Background: Lung cancer remains the leading cause of cancer-related mortality globally, primarily due to late-stage diagnosis, molecular heterogeneity, and therapy resistance. Key biomarkers such as EGFR, ALK, KRAS, and PD-1 have revolutionized precision oncology; however, comprehensive structural and clinical validation of these targets is crucial to enhance therapeutic efficacy.

Methods: Protein sequences for EGFR, ALK, KRAS, and PD-1 were retrieved from UniProt and modeled using SWISS-MODEL to generate high-confidence 3D structures. Protein-protein interaction (PPI) networks were constructed via STRING to explore functional associations and signaling networks. Molecular docking using SwissDock evaluated the binding affinities of established inhibitors. Transcriptomic validation was conducted using RNA-seq datasets from GEPIA2, TNMplot, and UALCAN to assess differential expression and clinical subgroup relevance. Experimental validation was performed via qRT-PCR in NSCLC cell lines (A549, H1975, H520).

Results: Robust 3D models were obtained, with MolProbity scores between 0.67 and 2.09, confirming structural reliability. Key mutations, including EGFR T790M and KRAS G12C, were localized to ATP-binding clefts and allosteric pockets respectively, based on structural mapping using SWISS-MODEL. PPI analysis revealed EGFR's integration into ERBB and MAPK/PI3K pathways, ALK's fusion-driven activation via EML4 and PI3K-AKT signaling, KRAS's links to MAPK effectors, and PD-1's interaction with immune checkpoint ligands PD-L1/PD-L2. Docking results showed strong EGFR-Gefitinib affinity (-5.94 kcal/mol, Kd 4.38 × 10 M), while KRAS inhibitors Adagrasib and Sotorasib demonstrated moderate binding (-3.94 and -3.72 kcal/mol, respectively). Transcriptomic analyses revealed significant overexpression of EGFR (2.8-fold), KRAS (2.3-fold), ALK (1.9-fold), and PDCD1 (2.1-fold) in NSCLC tissues (p < 0.01). qRT-PCR corroborated these findings, with H1975 cells displaying elevated EGFR (3.2-fold) and KRAS (2.4-fold), and H520 cells showing increased ALK (2.7-fold) and moderate PDCD1 expression.

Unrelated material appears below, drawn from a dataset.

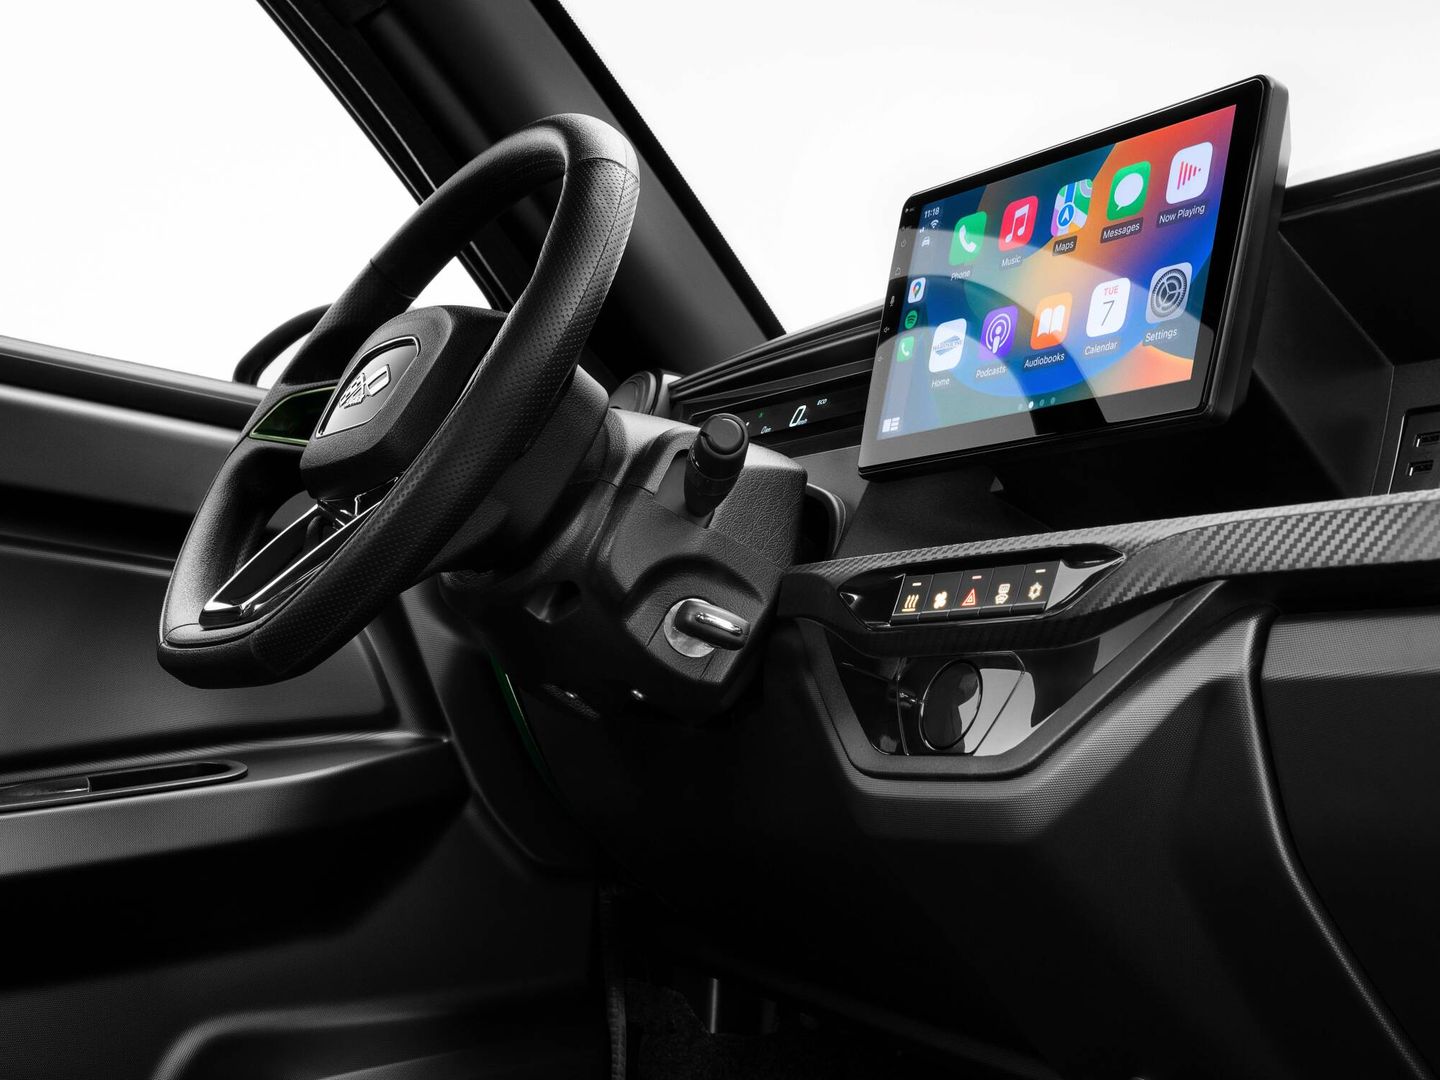 Pantalla central de 10 pulgadas en el acabado R.EBEL, compatible con CarPlay & Android Auto.

Conclusion: This integrative study combining structural modeling, molecular interaction analysis, and transcriptomic validation confirms EGFR, ALK, KRAS, and PD-1 supports their relevance as clinically actionable and structurally druggable biomarkers in NSCLC. These findings support their continued use in targeted therapy design and precision diagnostics, highlighting nanomaterials as ideal carriers due to their ability to enhance immune checkpoint blockade and drug bioavailability in NSCLC.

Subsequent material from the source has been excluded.